Доктор. Продолжайте.
К э т р и н. Я продолжаю, только пришлось сделать паузу, чтобы все прояснилось. После ваших лекарств картина должна стать очень ясной; без них я вообще ничего не вспомню.
Д о к т о р. А сейчас нормально?
Кэтрин. Когда мы были вместе, я всегда делала все, как он скажет. И я перестала смотреть на этих оборванцев и не видела, как официанты погнали их скалками прочь от забора. Бросились через калитку — ну прямо штурмовой отряд, как на войне, — и бьют их, а они на заборе, вопят так истошно… а потом..

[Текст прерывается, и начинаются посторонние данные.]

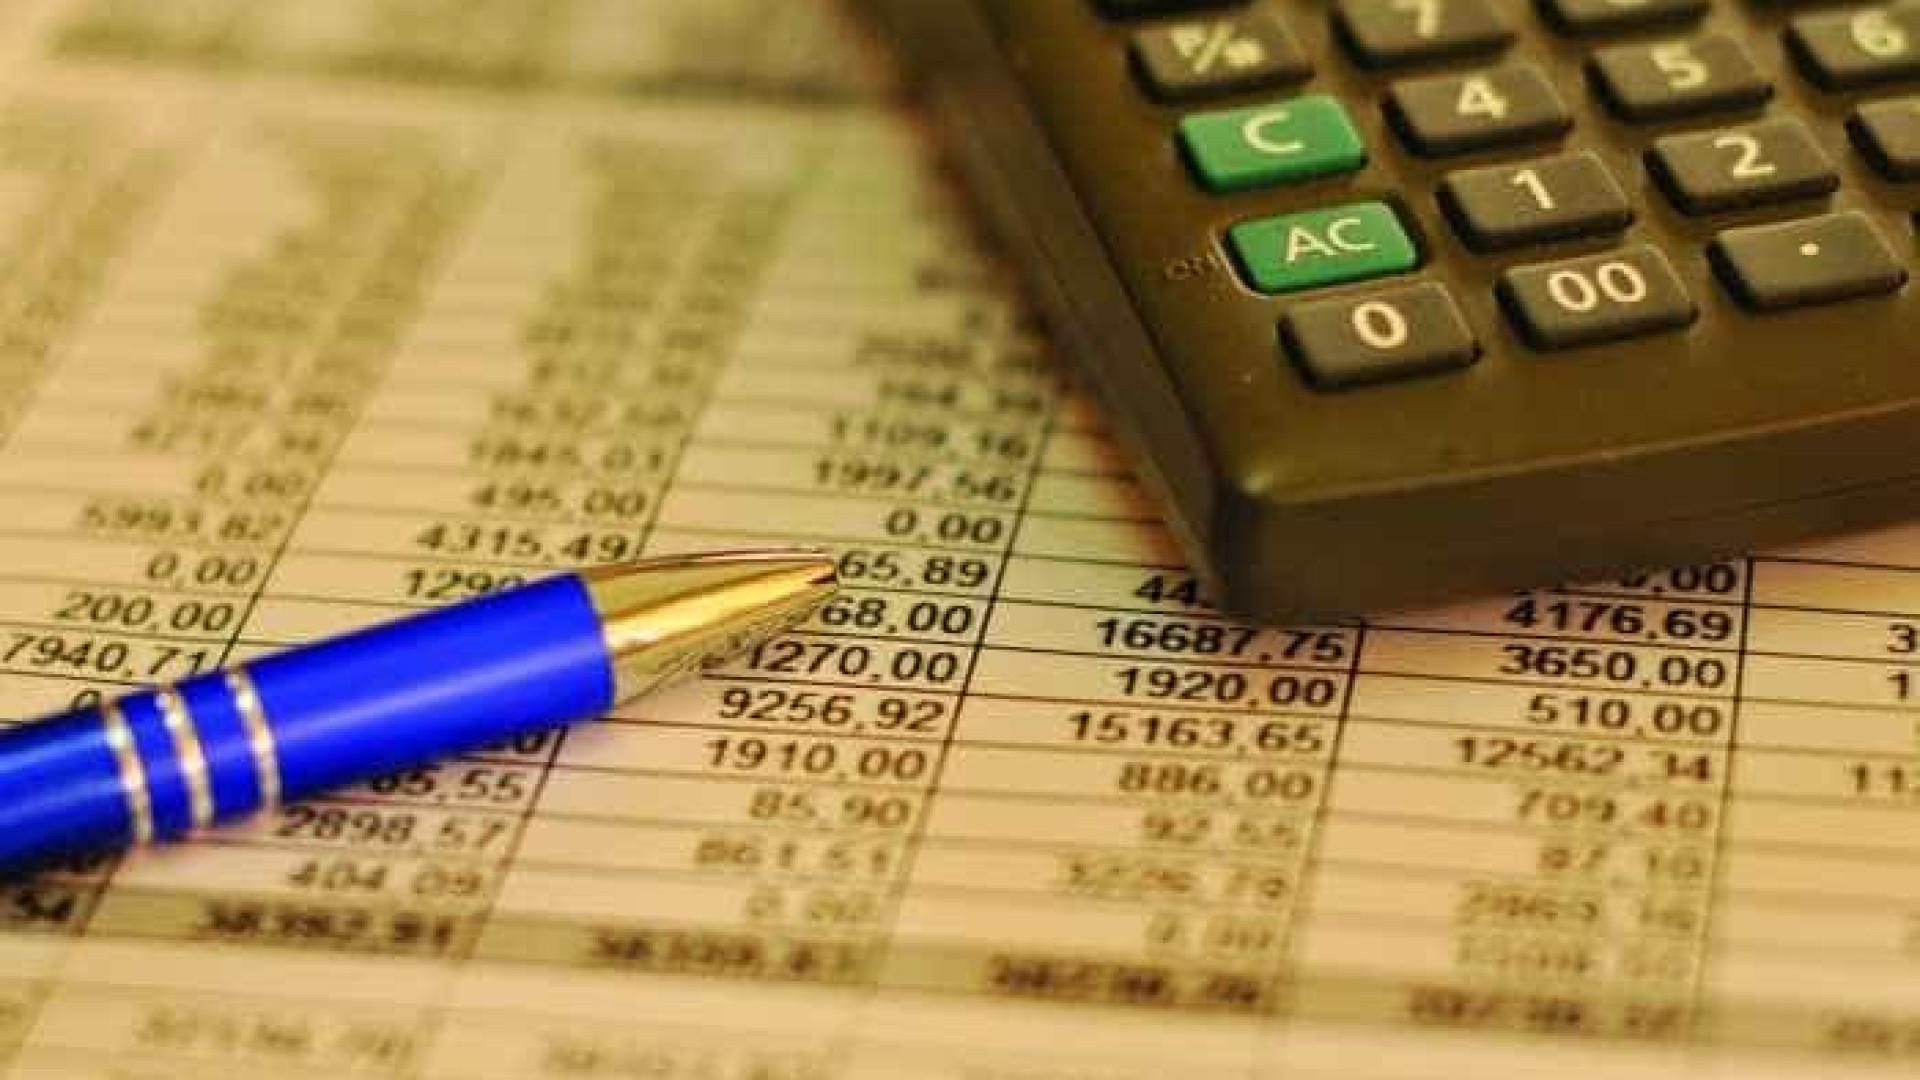 Mesmo após débito prescrever, devedor quer pagar a conta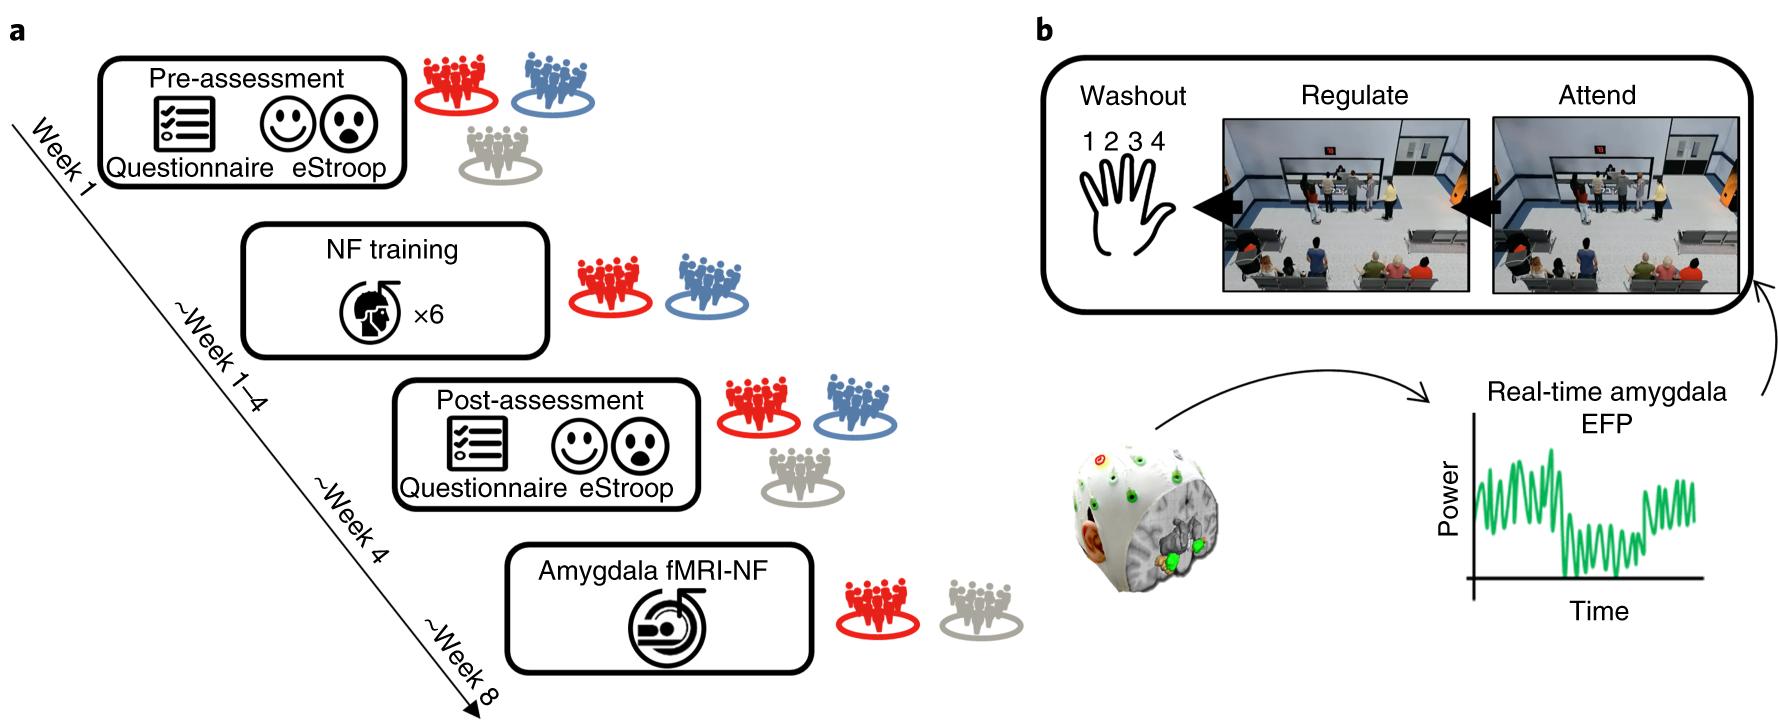 Electrical fingerprint of the amygdala guides neurofeedback

Доктор. Продолжайте, мисс Кэтрин, что вы видите дальше?
Кэтрин. Вижу, как эти… эти… эти оборванцы поют нам серенады…
Доктор. Что?
Кэтрин. Они устроили нам представление! На своих инструментах! Такая музыка была! Если это можно назвать музыкой!
Доктор. Вот как?
Кэтрин. Да! А инструменты у них были — ударные, понимаете?
Доктор (делая заметки). Да. Ударные — это, например, барабаны.
К э т р и н. Я украдкой на них смотрю, когда не смотрит кузен Себастьян, и вижу, что инструменты-то у них — связанные консервные банки. Они сияют на фоне ослепительно белого песка…
Доктор (медленно записывая). Связанные., консервные… банки…
К э т р и н. И, и, и — и! — кусочки железа, других металлов, расплющенные и сделанные наподобие…
Доктор. Наподобие чего?
Кэтрин. Тарелок. Знаете, что такое тарелки?
Доктор. Да. Латунные диски, которыми ударяют друг о друга.
Кэтрин. Вот-вот. Расплющенные консервные банки стучат друг о друга — это тарелки…
Доктор. Да, понимаю. И что там дальше, в вашем видении?
Кэтрин (быстро, слегка задыхаясь). А у других бумажные пакеты, из грубой бумаги, — и что-то внутри. Они их трясут — вверх-вниз, вперед-назад — и издают такие звуки…
Доктор. Какие?
Кэтрин (неловко вскакивая). Умпа! Умпа! У-у-умпа!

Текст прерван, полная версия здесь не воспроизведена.